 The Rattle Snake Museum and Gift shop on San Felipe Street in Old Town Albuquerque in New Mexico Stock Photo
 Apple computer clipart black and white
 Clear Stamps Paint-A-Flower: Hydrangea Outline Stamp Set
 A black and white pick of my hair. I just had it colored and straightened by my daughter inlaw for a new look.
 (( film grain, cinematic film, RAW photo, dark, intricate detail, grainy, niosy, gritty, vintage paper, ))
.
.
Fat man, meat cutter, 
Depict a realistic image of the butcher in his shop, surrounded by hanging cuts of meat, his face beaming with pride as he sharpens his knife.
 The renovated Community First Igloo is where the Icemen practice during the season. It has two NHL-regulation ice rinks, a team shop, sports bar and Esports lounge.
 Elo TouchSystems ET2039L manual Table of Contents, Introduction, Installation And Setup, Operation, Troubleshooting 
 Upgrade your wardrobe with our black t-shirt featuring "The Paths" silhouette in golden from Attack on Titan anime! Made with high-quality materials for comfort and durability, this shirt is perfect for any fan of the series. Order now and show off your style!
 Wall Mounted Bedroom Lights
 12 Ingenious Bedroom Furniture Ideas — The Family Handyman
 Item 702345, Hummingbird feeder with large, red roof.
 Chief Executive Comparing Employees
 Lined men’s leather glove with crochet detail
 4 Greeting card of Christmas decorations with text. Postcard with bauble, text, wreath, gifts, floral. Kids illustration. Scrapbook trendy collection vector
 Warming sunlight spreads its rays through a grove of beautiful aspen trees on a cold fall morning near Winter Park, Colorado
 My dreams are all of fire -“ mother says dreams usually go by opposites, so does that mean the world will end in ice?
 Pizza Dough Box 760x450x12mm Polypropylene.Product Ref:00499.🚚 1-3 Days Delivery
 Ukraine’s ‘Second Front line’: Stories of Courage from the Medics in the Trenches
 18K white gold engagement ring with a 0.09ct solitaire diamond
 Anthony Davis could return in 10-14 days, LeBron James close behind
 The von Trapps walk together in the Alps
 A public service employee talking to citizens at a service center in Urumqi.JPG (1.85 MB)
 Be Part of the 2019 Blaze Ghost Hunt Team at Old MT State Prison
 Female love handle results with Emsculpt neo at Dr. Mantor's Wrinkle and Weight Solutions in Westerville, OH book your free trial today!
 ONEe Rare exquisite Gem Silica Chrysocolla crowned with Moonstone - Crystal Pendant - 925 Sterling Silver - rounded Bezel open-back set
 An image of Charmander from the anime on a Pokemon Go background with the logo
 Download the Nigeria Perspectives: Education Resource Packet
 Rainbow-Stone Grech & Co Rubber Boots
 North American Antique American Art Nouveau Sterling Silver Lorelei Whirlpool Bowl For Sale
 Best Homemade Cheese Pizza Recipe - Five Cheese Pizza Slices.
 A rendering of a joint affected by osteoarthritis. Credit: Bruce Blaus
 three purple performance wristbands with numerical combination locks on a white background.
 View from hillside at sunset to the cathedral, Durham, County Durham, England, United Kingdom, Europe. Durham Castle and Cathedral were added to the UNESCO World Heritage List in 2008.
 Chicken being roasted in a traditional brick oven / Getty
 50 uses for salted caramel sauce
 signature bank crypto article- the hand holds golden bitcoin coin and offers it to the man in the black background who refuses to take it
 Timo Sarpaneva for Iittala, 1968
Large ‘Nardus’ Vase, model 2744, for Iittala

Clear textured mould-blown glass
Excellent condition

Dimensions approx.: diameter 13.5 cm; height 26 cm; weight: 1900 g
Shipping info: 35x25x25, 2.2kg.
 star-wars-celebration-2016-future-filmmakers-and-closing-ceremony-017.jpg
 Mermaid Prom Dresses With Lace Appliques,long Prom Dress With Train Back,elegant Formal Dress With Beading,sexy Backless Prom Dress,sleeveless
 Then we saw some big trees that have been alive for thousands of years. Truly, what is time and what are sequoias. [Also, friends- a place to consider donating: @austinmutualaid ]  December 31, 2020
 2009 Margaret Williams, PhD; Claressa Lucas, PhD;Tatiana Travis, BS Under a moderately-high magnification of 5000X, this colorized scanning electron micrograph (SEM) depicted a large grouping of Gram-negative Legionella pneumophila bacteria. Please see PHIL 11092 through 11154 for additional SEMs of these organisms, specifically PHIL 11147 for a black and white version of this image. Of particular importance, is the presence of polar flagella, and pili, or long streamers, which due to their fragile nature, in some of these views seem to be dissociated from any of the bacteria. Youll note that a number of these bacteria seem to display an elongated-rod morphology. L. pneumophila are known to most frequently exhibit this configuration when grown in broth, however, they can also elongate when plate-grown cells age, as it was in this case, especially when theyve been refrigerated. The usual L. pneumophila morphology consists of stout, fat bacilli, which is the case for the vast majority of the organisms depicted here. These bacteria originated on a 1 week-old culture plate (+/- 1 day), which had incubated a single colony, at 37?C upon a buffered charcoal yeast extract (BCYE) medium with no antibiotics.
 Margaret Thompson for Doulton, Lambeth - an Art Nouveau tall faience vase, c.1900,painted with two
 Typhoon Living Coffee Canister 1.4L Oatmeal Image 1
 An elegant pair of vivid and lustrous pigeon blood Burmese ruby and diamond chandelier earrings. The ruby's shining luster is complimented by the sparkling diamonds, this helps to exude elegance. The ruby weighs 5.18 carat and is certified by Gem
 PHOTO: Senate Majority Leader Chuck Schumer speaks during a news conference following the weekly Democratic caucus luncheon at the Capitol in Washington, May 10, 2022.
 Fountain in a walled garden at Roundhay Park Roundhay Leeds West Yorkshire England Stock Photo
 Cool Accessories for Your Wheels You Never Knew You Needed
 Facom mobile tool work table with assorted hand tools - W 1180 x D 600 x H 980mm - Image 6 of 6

::::::

■ Assignment ■
Copy from the entries above each line in which the string "diamond" can be found.

■ Output for this task ■
 18K white gold engagement ring with a 0.09ct solitaire diamond
 An elegant pair of vivid and lustrous pigeon blood Burmese ruby and diamond chandelier earrings. The ruby's shining luster is complimented by the sparkling diamonds, this helps to exude elegance. The ruby weighs 5.18 carat and is certified by Gem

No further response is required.